# House Price Correlation Study

## Objectives

* Answer business requirement 1:
    * The client is interested in discovering how the house attributes correlate with the sale price. Therefore, the client expects data visualisations of the correlated variables against the sale price to show that.

## Inputs

* `outputs/datasets/cleaned/CompleteSetCleaned.csv`

## Outputs

* Generate initial information that answers business requirement 1 that can be used to build the Streamlit Application. 

## Additional Comments




---

# Change working directory

The notebooks for this project are stored in a subfolder called `jupyter_notebooks`, therefore when running the notebook, the working directory needs to be changed to the parent folder. 
* We access the current directory with `os.getcwd()`

In [None]:
import os
current_dir = os.getcwd()
current_dir

We want to make the parent of the current directory the new current directory
* os.path.dirname() gets the parent directory
* os.chir() defines the new current directory

In [None]:
os.chdir(os.path.dirname(current_dir))
print("You set a new current directory of: ", os.getcwd())

---

# Load Collected Data

In [None]:
import pandas as pd
df_raw_path = "outputs/datasets/cleaned/CompleteSetCleaned.csv"
df = pd.read_csv(df_raw_path)
df.head()

## Data Exploration

In [None]:
df.info()

In [None]:
vars_with_missing_data = df.columns[df.isna().sum() > 0].to_list()
vars_with_missing_data

In [None]:
from ydata_profiling import ProfileReport
pandas_report = ProfileReport(df=df, minimal=True)
pandas_report.to_notebook_iframe()

---

# Correlation Study

Feature Engine has different options for encoding categorical variables. One Hot Encoding and Ordinal Encoder. However, I have decided to map the categorical features by hand as they do show inherent order. For example

In [None]:
unique_values_dict = {}

list_of_ordinal_features = df.select_dtypes(include=['object']).columns.tolist()

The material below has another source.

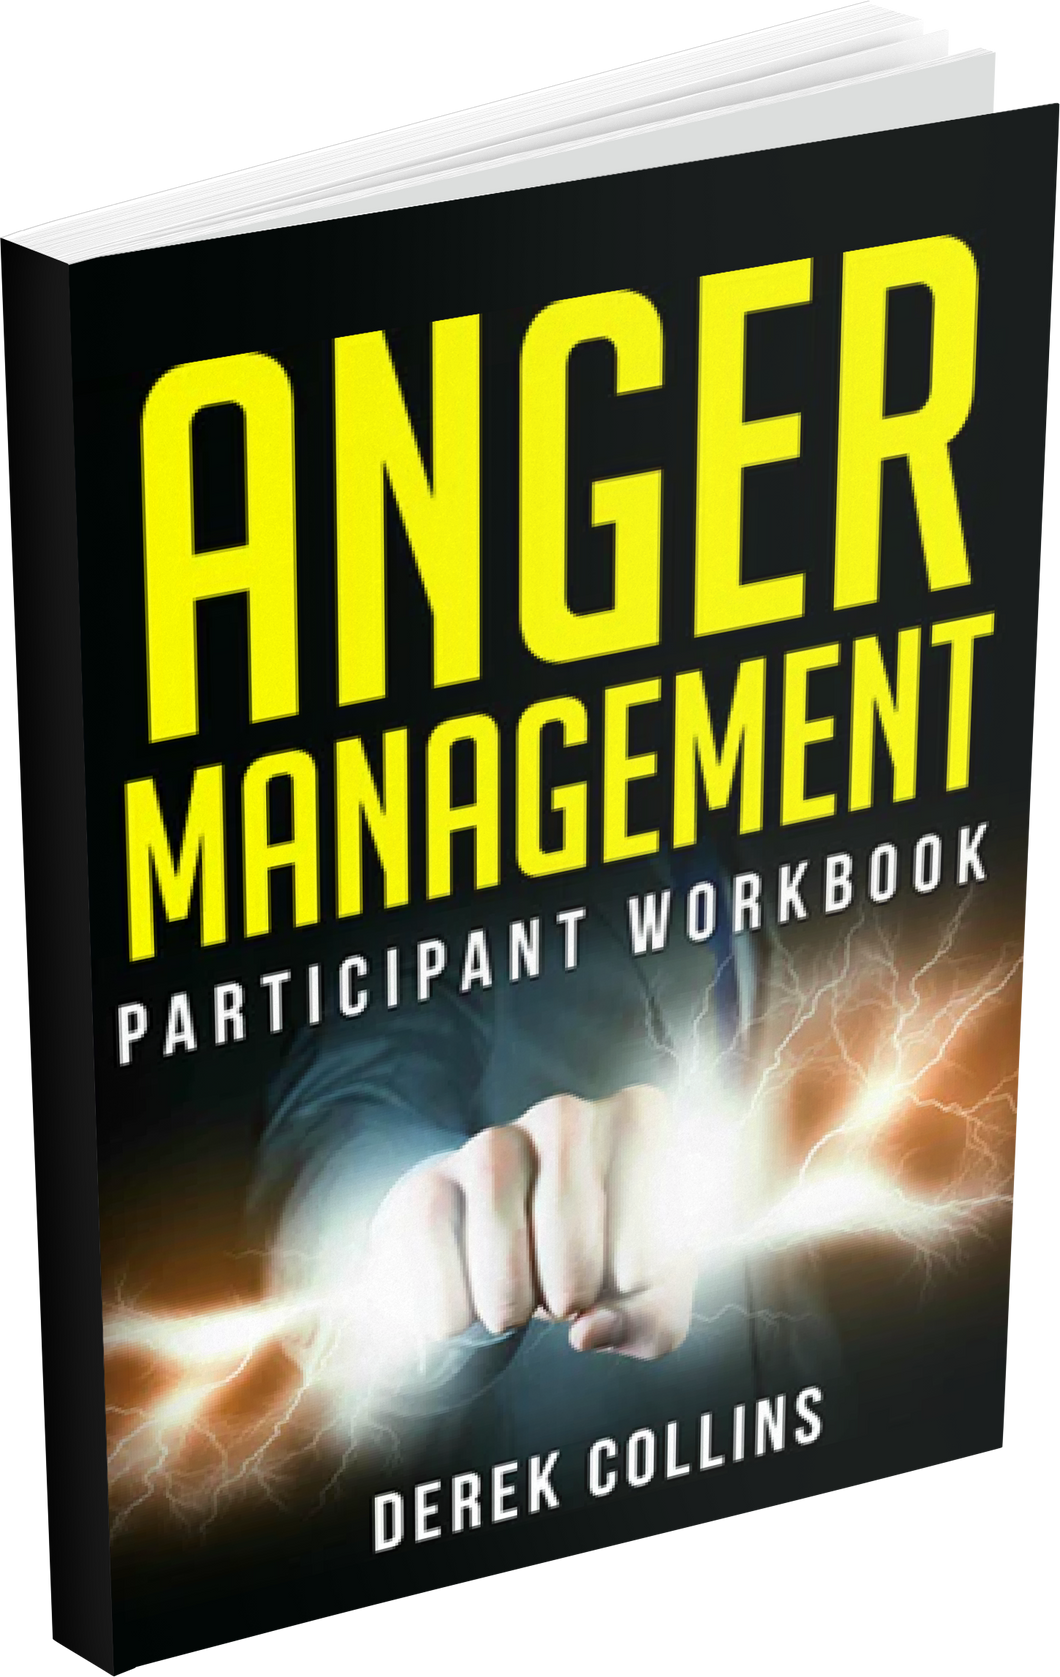 Anger Management Participant Workbook

for item in list_of_ordinal_features:
    unique_values_dict[item] = df[item].unique().tolist()
    print(f"Feature: {item} - {unique_values_dict[item]}")

In [None]:
# Define an ordinal mapping for the quality
BsmtExposure_mapping = {
    'Missing': -1,
    'None': 0,
    'No': 1,
    'Mn': 2,
    'Av': 3,
    'Gd': 4
}

BsmtFinType1_mapping = {
    'Missing': -1,
    'None': 0,
    'Unf': 1,
    'LwQ': 2,
    'Rec': 3,
    'BLQ': 4,
    'ALQ': 5,
    'GLQ': 6,
}

GarageFinish_mapping = {
    'Missing': -1,
    'None': 0,
    'Unf': 1,
    'RFn': 2,
    'Fin': 3,
}

KitchenQual_mapping = {
    'Missing': -1,
    'Po': 0,
    'Fa': 1,
    'TA': 2,
    'Gd': 3,
    'Ex': 4,
}


# Apply the mapping to the column
df['BsmtExposure'] = df['BsmtExposure'].map(BsmtExposure_mapping)
df['BsmtFinType1'] = df['BsmtFinType1'].map(BsmtFinType1_mapping)
df['GarageFinish'] = df['GarageFinish'].map(GarageFinish_mapping)
df['KitchenQual'] = df['KitchenQual'].map(KitchenQual_mapping)
df

In [None]:
df.info()

In [None]:
corr_spearman = df.corr(method='spearman')['SalePrice'].sort_values(key=abs, ascending=False)[1:].head(10)
corr_spearman

In [None]:
corr_pearson = df.corr(method='pearson')['SalePrice'].sort_values(key=abs, ascending=False)[1:].head(10)
corr_pearson

In [24]:
top_n = 5
top_vars = set(corr_pearson[:top_n].index.to_list() + corr_spearman[:top_n].index.to_list())

## EDA

In [None]:
vars_to_study = list(top_vars)
vars_to_study

In [None]:
df_eda = df.filter(vars_to_study + ['SalePrice'])
df_eda.head(3)

In [None]:
import matplotlib.pyplot as plt
import seaborn as sns
sns.set_style('whitegrid')

def plot_numerical(df, col, target_var):
    plt.figure(figsize=(8, 5))    
    sns.regplot(data=df, x=col, y=target_var, scatter_kws={'s':5}, line_kws={"color":"green"})
    plt.title(f"{col} vs {target_var}", fontsize=20, y=1.05)
    plt.show()

target_var = 'SalePrice'
for col in vars_to_study:
        plot_numerical(df_eda, col, target_var)
        print("\n\n")